One of the challenges faced by many companies is to not have a vision or not knowing where to start. Also, there are some unique challenges when it comes to using hyper-personalization to deliver a tailored experience. First, at the core of hyper-personalization is data.


There are challenges in collecting data from all the sources. You don’t want to miss data about a change of mind during the customer journey. The next challenge is the turnaround time in getting the data ingested for processing.


You would want things to be in real-time, but the reality is that it takes a lot of cost and engineering efforts to make the data available for processing in real-time. The ROI is not effective so many brands trade off with near real-time updates. But you must do it before your competitor does it!


Some other challenges are the quality of data, the ability to fine-tune the output, and training the models to embed the voice of your brand in it. Making sure that the hyper-personalized experience is right for the customer is another challenge. Informing customers about the use of data and consent from customers is equally important.

How to Overcome Common Challenges?

Creating a roadmap for hyper-personalization will likely be the first step. Overcoming the challenges is also an opportunity to get to know your customers. You must understand that there are customers who are going to produce data that will suddenly signal a change of mind, lose interest without any reason, or not open your notifications for days.


These events are input to your LLMs and these help to fine-tune individualized experiences.

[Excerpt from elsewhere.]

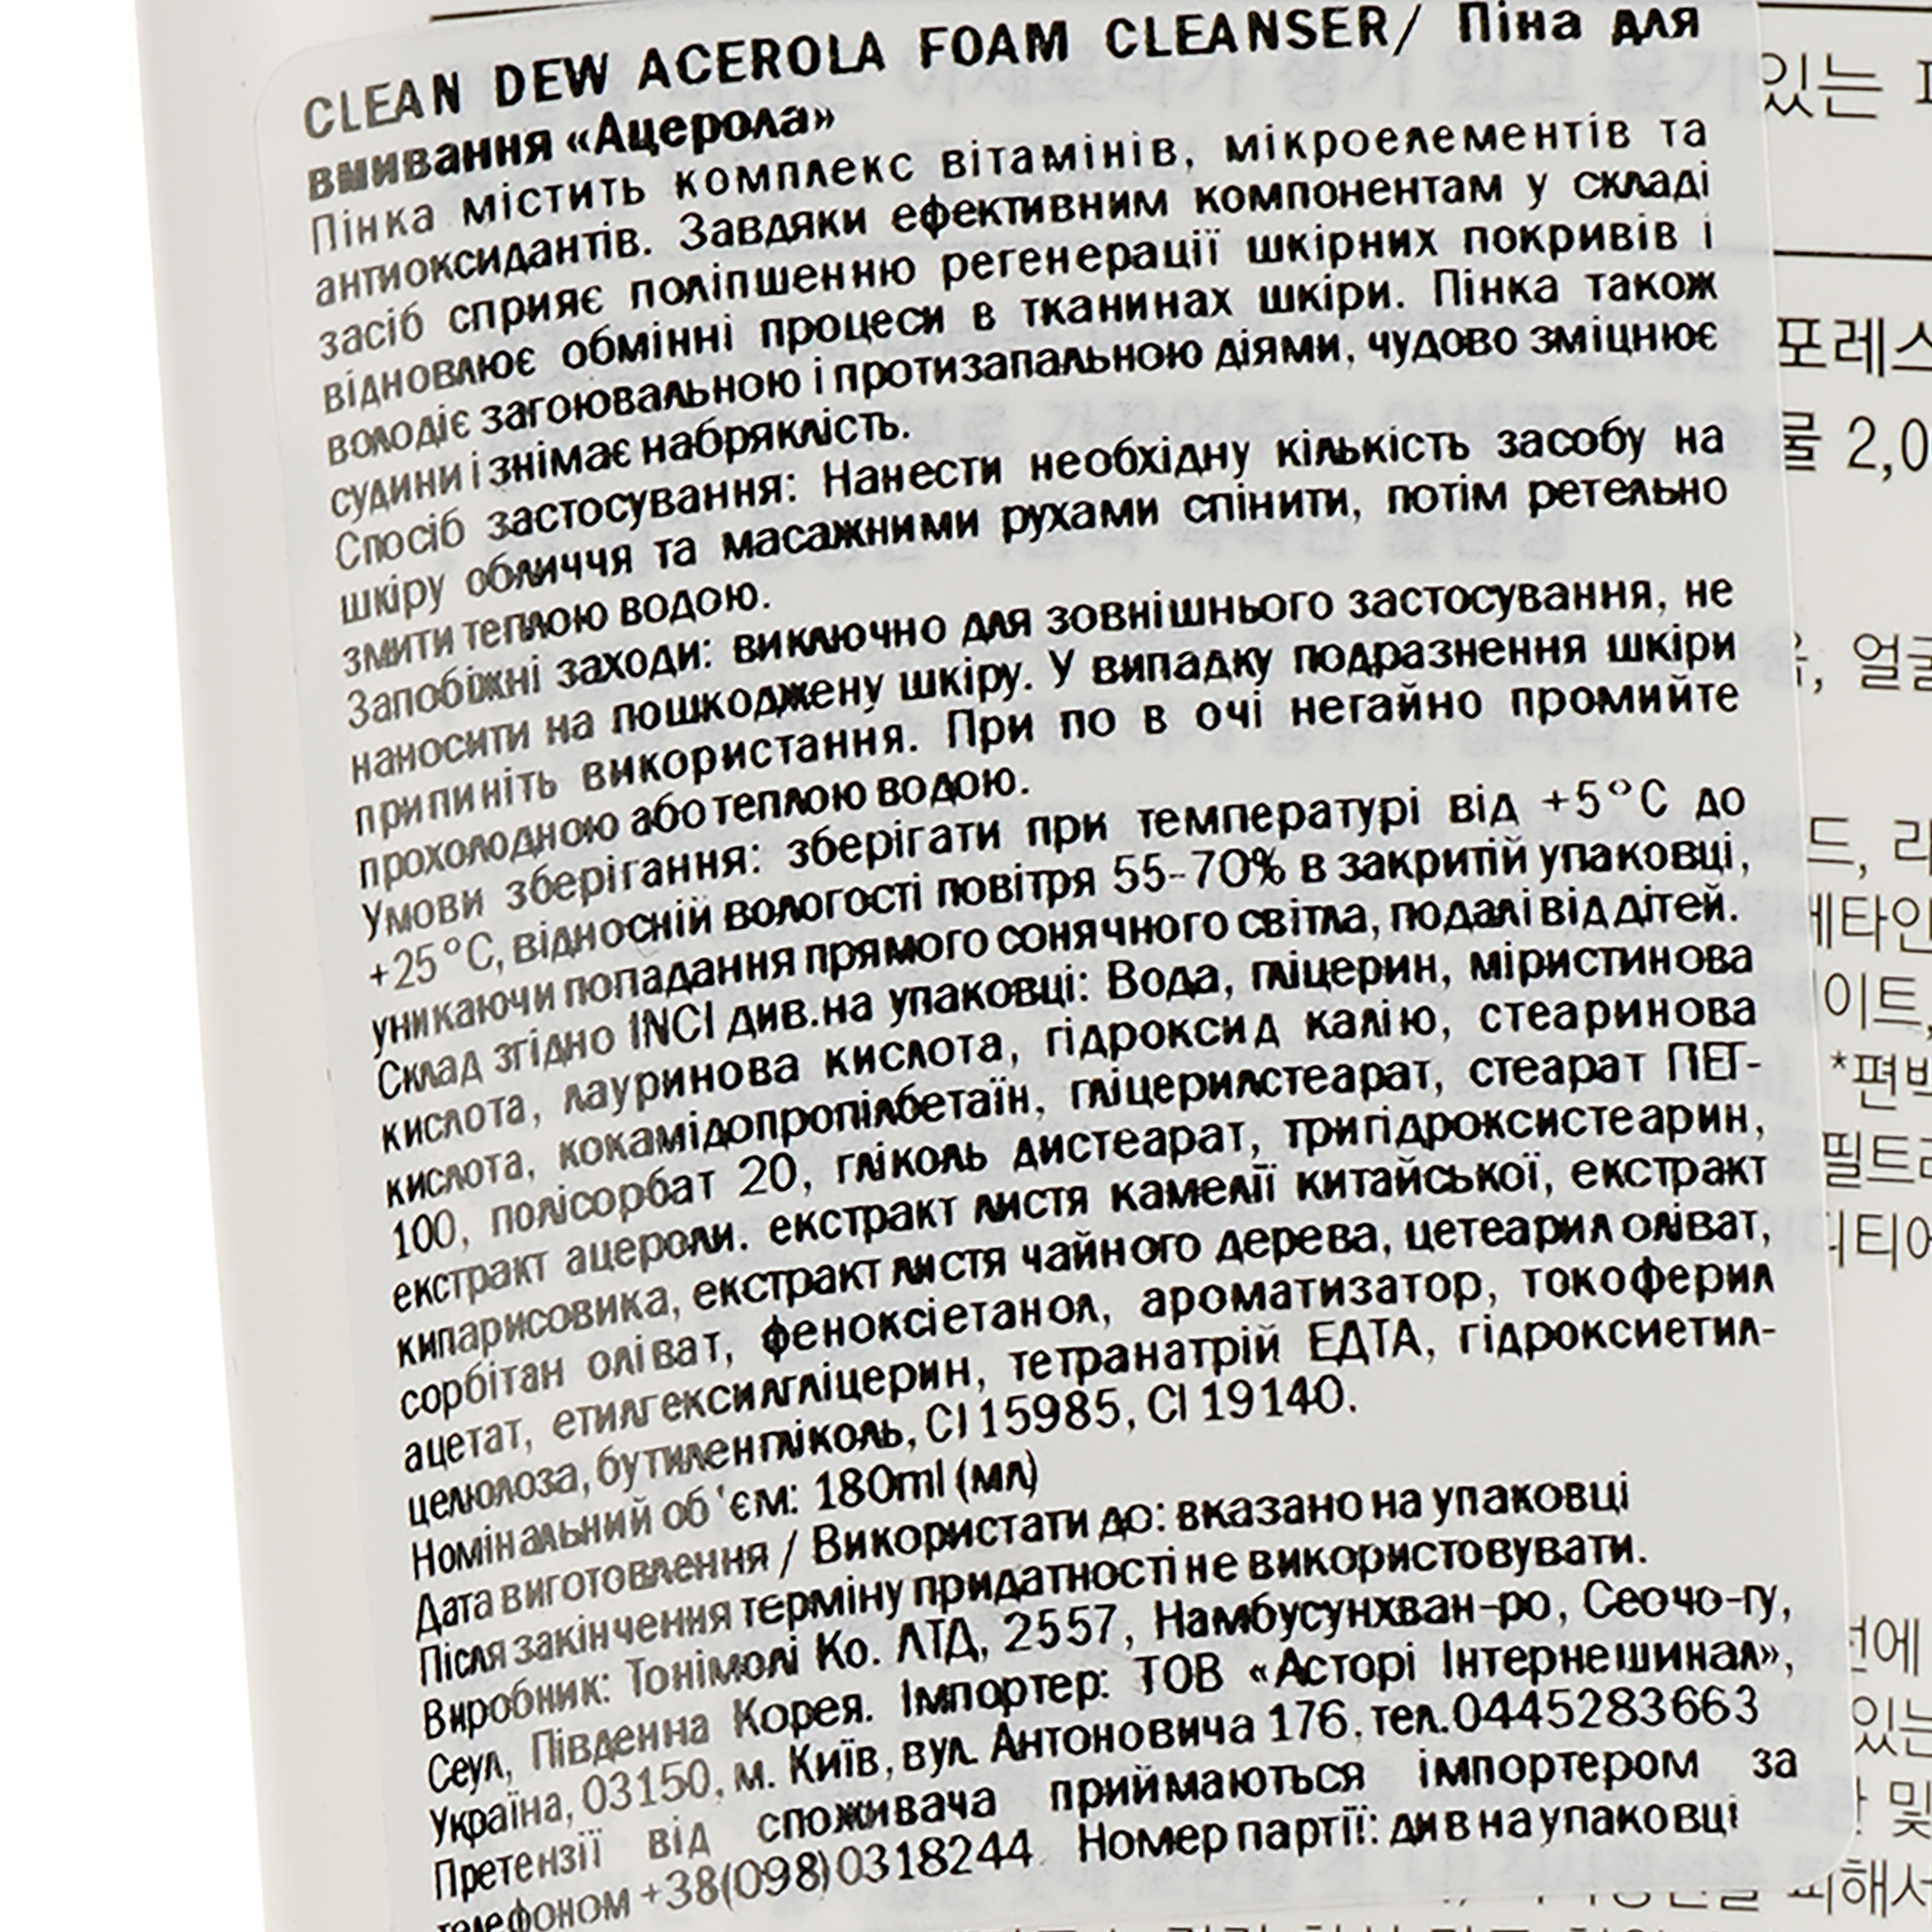 Пенка для умывания Tony Moly Clean Dew Acerola Foam Cleanser Ацерола, 180 мл - фото 3

That is why it is best to start small, learn, improve, test, and fine-tune the hyper-personalized experience for a small set of customers. Once you have the experience tailored to a certain group of customers, you should then plan to expand the range of customers who benefit from hyper-personalization.

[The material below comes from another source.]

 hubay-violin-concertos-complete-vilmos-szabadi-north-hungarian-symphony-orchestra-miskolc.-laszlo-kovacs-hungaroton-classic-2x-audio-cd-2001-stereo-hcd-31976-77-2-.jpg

Also, it is ideal to roll out the features in phases and get the customer acquainted with the brand’s new initiatives. You would want to gradually offer new experiences like recommendations, personalized chatbots, ads, etc. If you don’t have the data to train your model, you must wait until you have enough confidence. Things can go wrong if you don’t have the right testing process for new personalized features.


It is important to understand that at the core of these experiences is a digital experience platform (like Sitecore) that composes the experience for the customer.